= Data excerpt =
==================================================
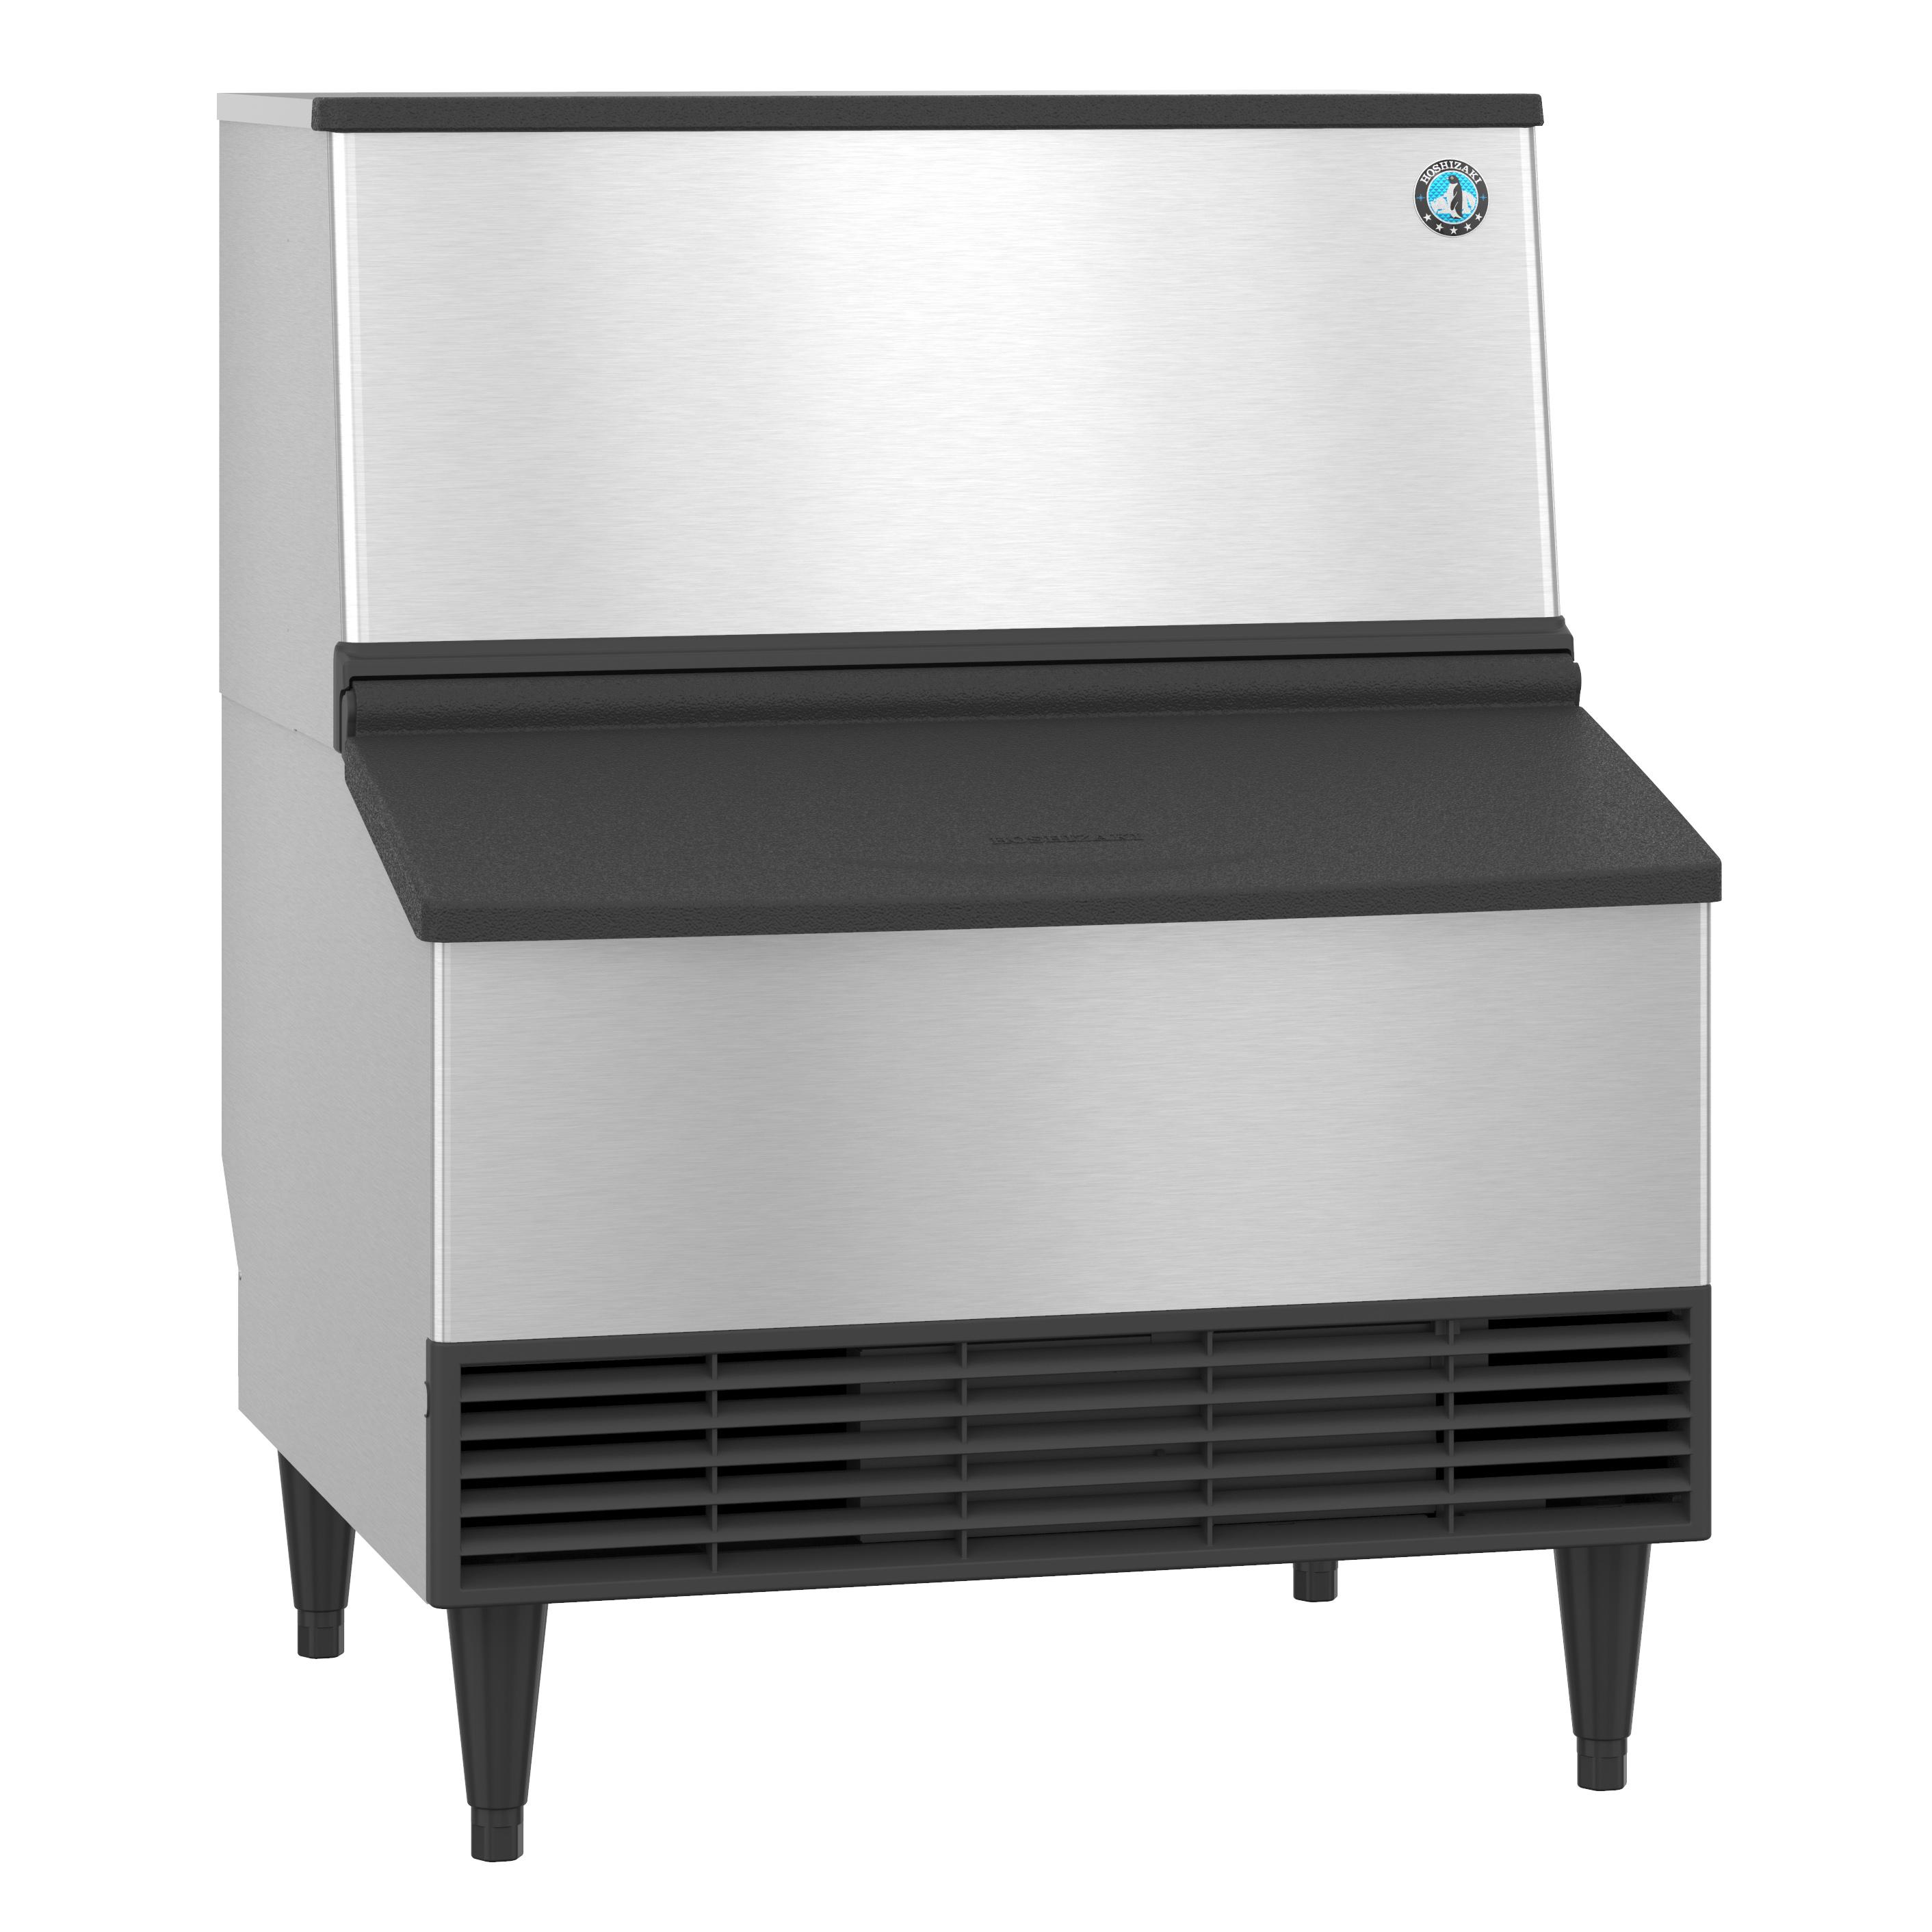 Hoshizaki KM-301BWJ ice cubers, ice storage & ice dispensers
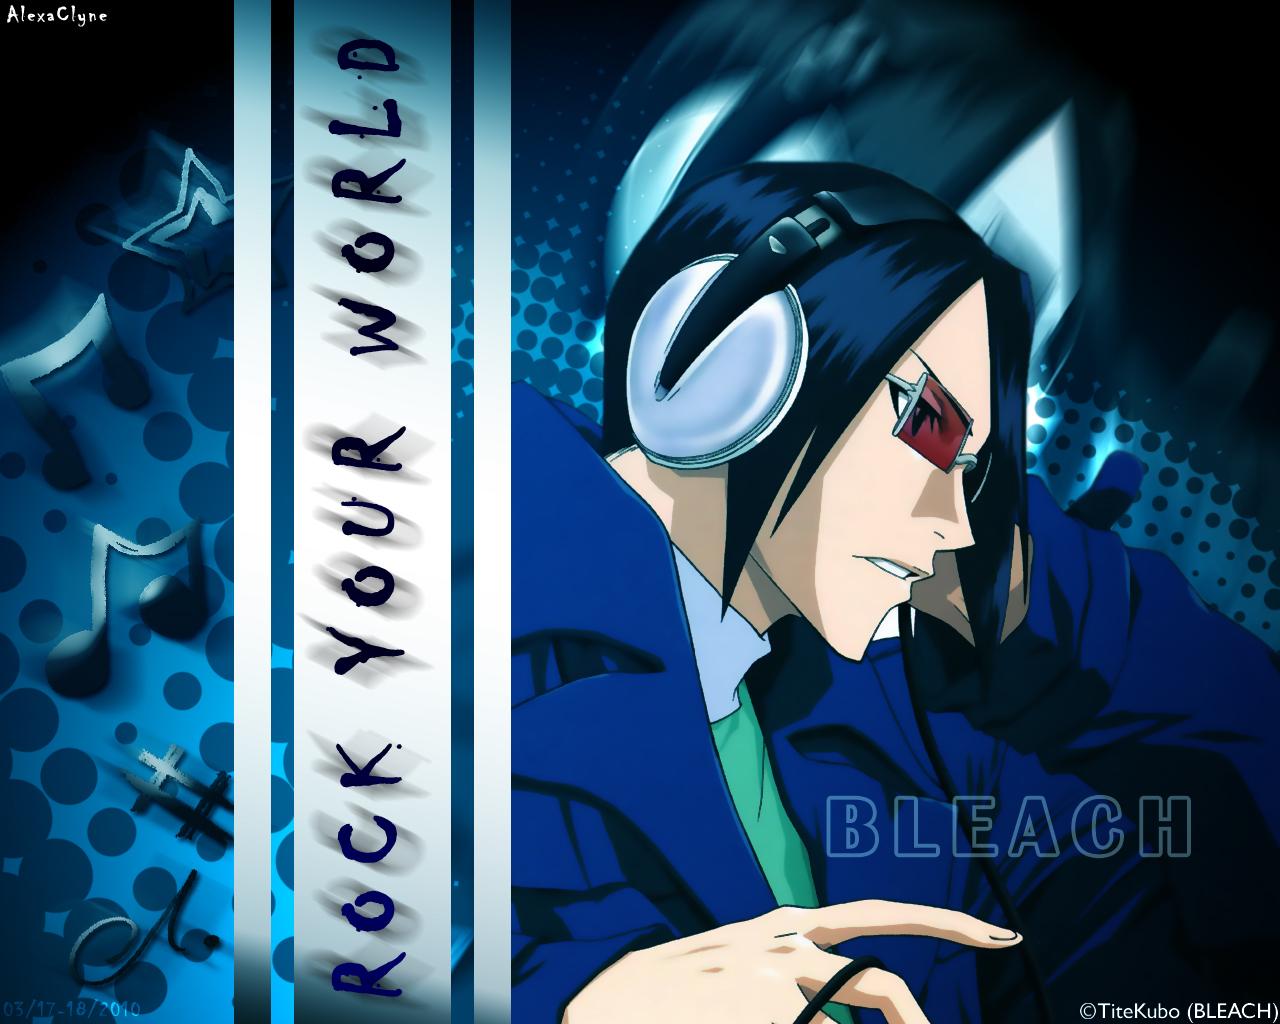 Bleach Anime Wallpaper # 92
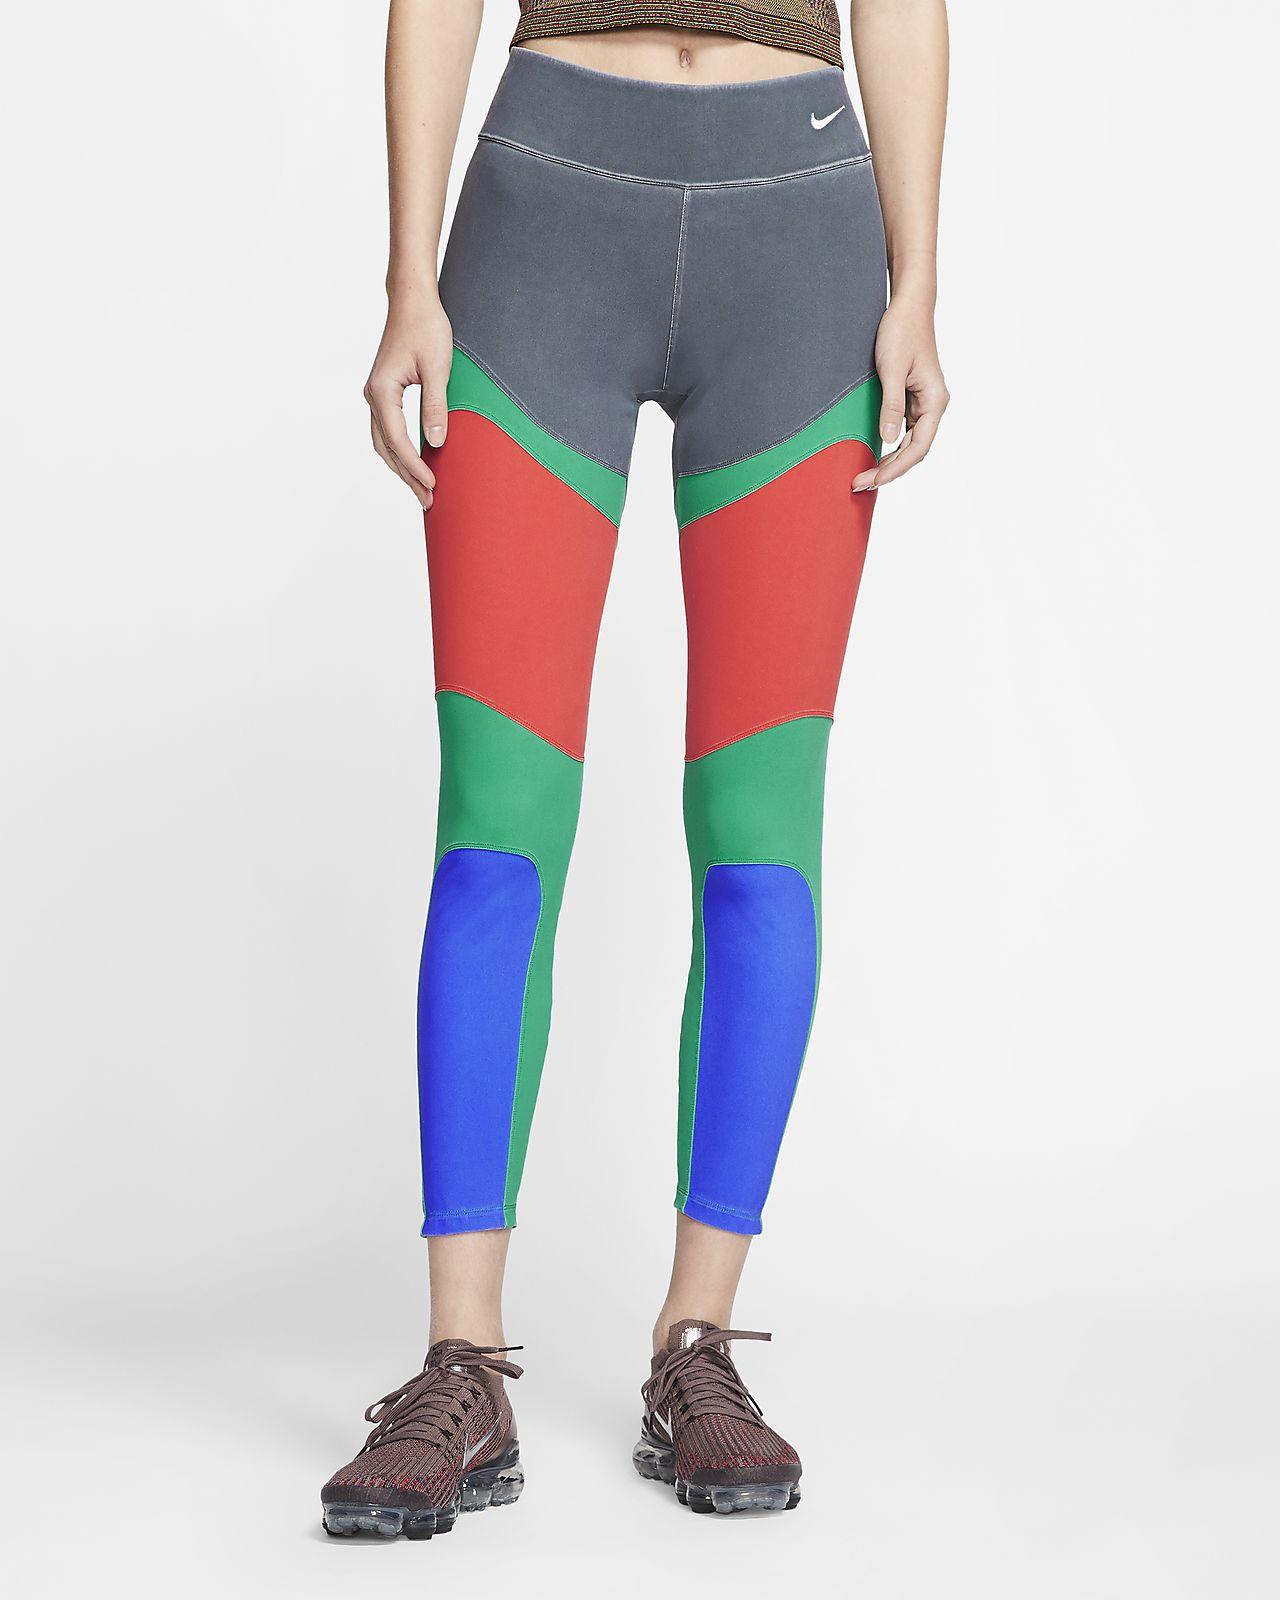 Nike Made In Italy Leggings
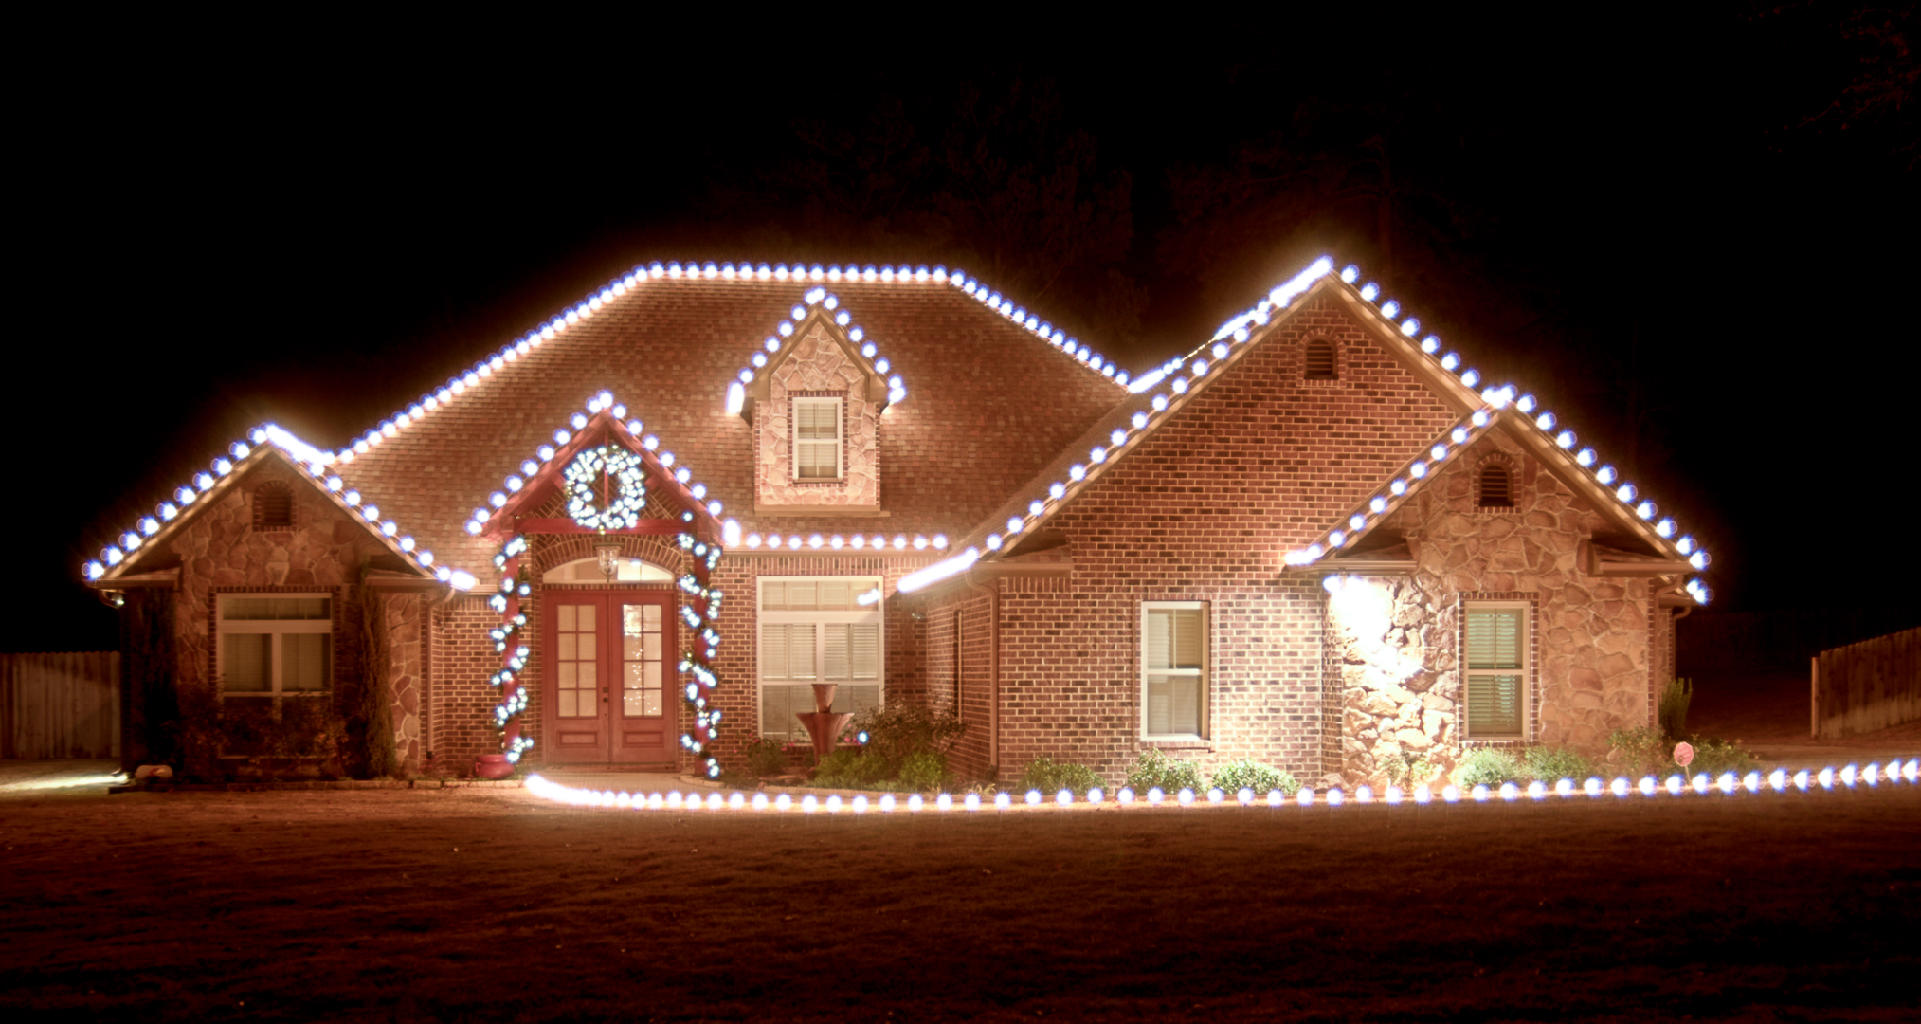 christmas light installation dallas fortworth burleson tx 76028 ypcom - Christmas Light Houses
==================================================
= How to complete this task =
Copy out, with no pictures, the lines from the one containing "Nike Made In Italy Leggings" through the last line of the data above, both ends included and each word unchanged.

= Problem solution =
 Nike Made In Italy Leggings
 christmas light installation dallas fortworth burleson tx 76028 ypcom - Christmas Light Houses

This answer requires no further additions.